Asian Spinach salad with sesame ginger dressing.
Spinach is also called Parrot food in one of the traditional Chinese medicine book since it has green body and red mouth. The name is really lovely.Spinach is used in stir-fried dishes and soup dishes such as tofu soup with spinach. Besides, I love to use spinach to make cold dishes due to its green color and good absorption of marinades. It is quite a pleasure no matter from taste or vision. This dish introduced today is named as Spinach in ginger sesame sauce(姜汁菠菜), which is a quite common and popular dish in China.
Then we firstly come to the ginger sauce.
Ginger sauce is a common Chinese salad dressing, using boiling water to disperse the minced ginger, and then add soy sauce, salt, vinegar, chicken essence to make the sauce. The spicy taste comes from the ginger. Comparing with the straight spicy of pepper, the spicy of ginger is more reserved. Ginger sauce is mainly used in cold dishes such as long green beans in ginger sauce(姜汁豇豆)，and lotus root in ginger sauce(姜汁莲藕).
The time for rinsing spinach in boiling water should be short to keep the original green color. And sesame oil should be added into rinsing water to keep the green color.
Usually it calls for wolfberry. But my husband hates it, so I replace wolfberry with carrots. The spinach sold on the market is mainly with large root; however spinach with small root is more fitful for this dish.
Sesame Ginger Dressing Spinach
- 1 pound fresh spinach
- 1 teaspoon wolf berry , or carrots
- ½ tablespoon sesame seeds
- 1 tablespoon chopped spring onion
- 1 inch root ginger minced
- 2 tablespoons boiled water , or stock
- 1 tablespoon soy sauce
- 2 teaspoons salt
- 1 tablespoon sesame oil
- 2 teaspoons vinegar
- Mince the ginger carefully and pour 2 tablespoons boiled water to soak the ginger for around 20 minutes. And then add other ingredients for dressing sauce. Mix well and set aside.
- Add some drops of sesame oil in water within a pot. And bring the water to a boiling.
- Wash the spinach and rinse in boiling water for 30 seconds along with the wolfberry or carrots. Transfer out and squeeze the water out.
- In a large bowl, mix the blended spinach and carrots with the salad dressing, sesame seeds and chopped spring onion.

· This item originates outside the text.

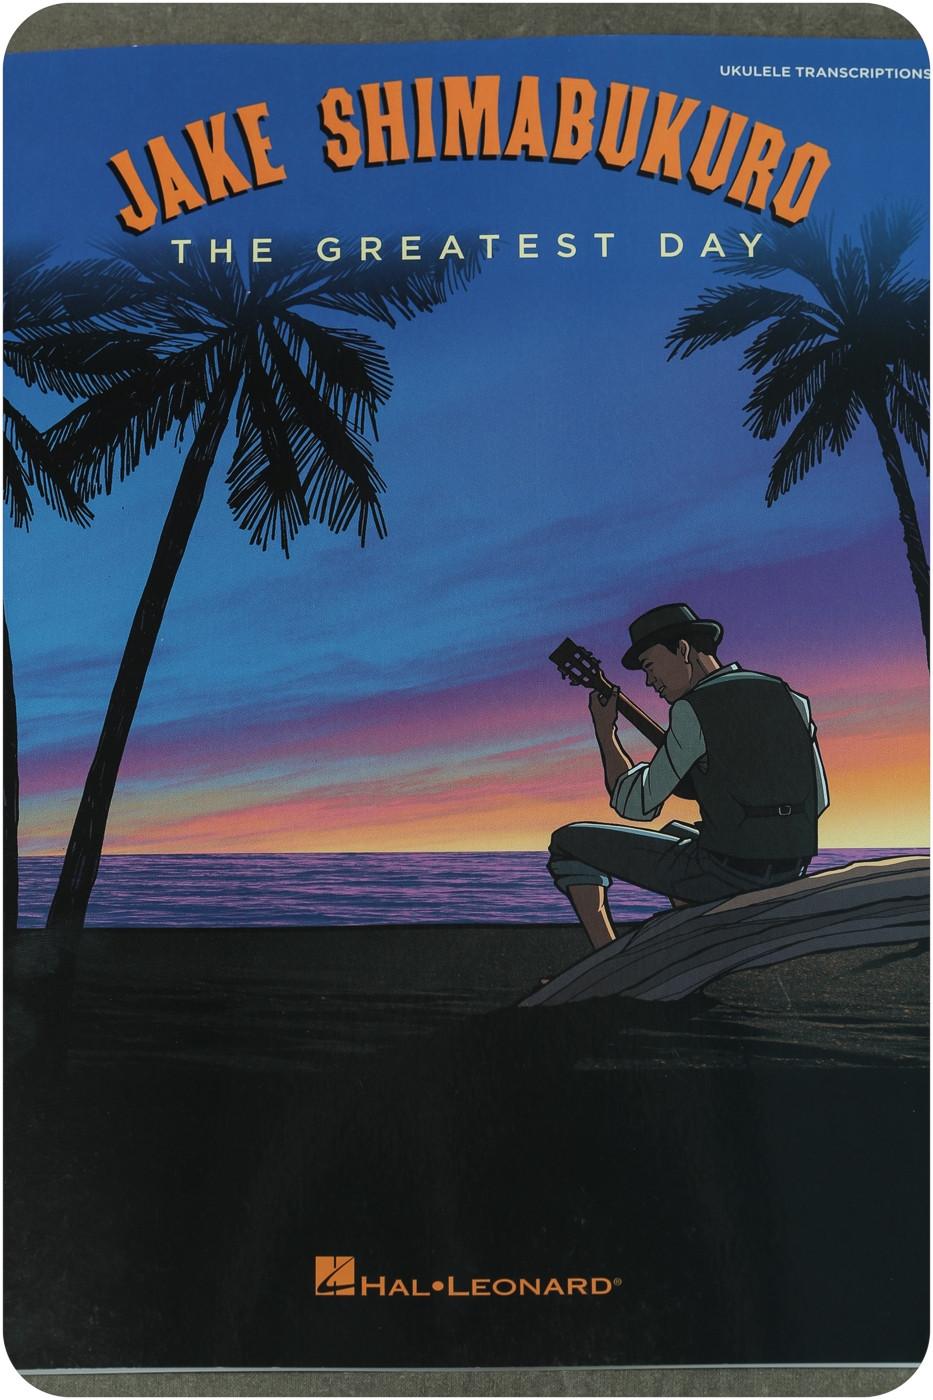 Jake Shimabukuro – The Greatest Day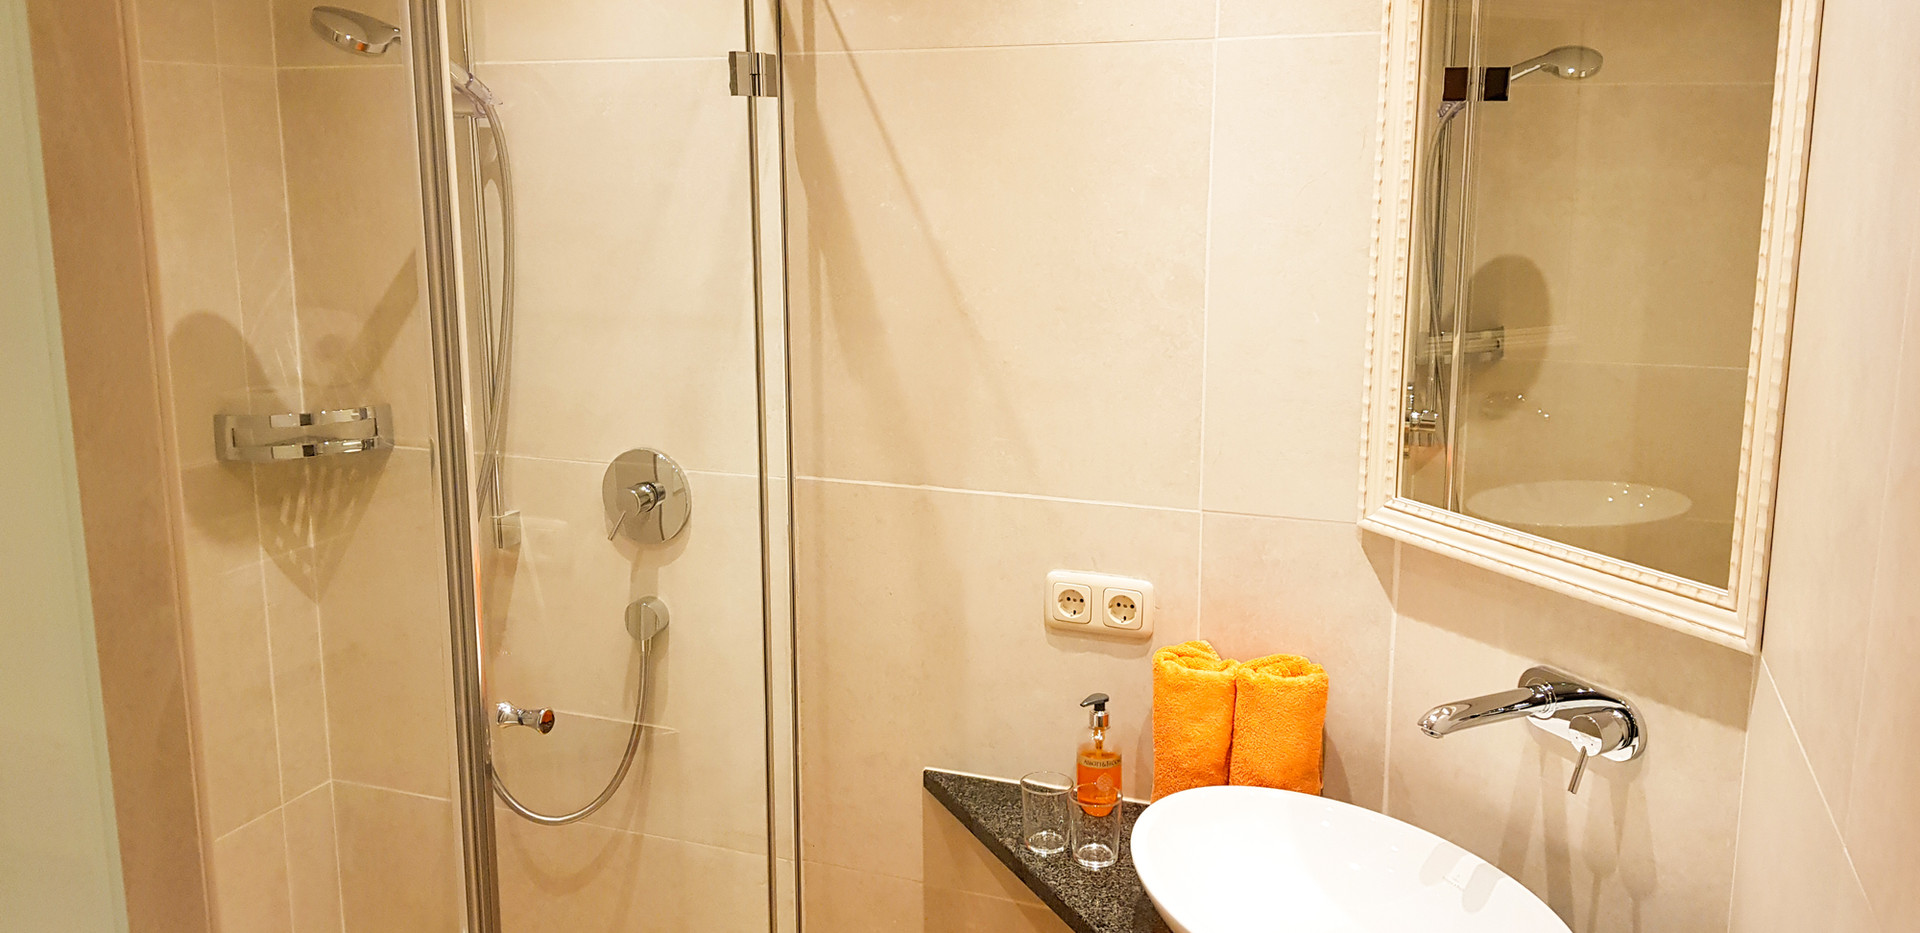 Greti's Badezimmer

- Serve or place all the content to a small bowl. back off the small bowl on the plate to shape the tower.
I am not sure what I did wrong, I tried to follow the recipe exactly, but the spinach came out very salty. The underlying flavor was very good but the salt was overpowering. Should I have added 1/2 teaspoon salt instead of 2 teaspoons? Or should the salt go in the boiling water not in the salad dressing? Your recipes are always wonderful so I'm sure the problem was on my end.
I really like this dish. And yes, as Sid pointed out I'm surprised about the amount of salt, too. I tend to use a lot less.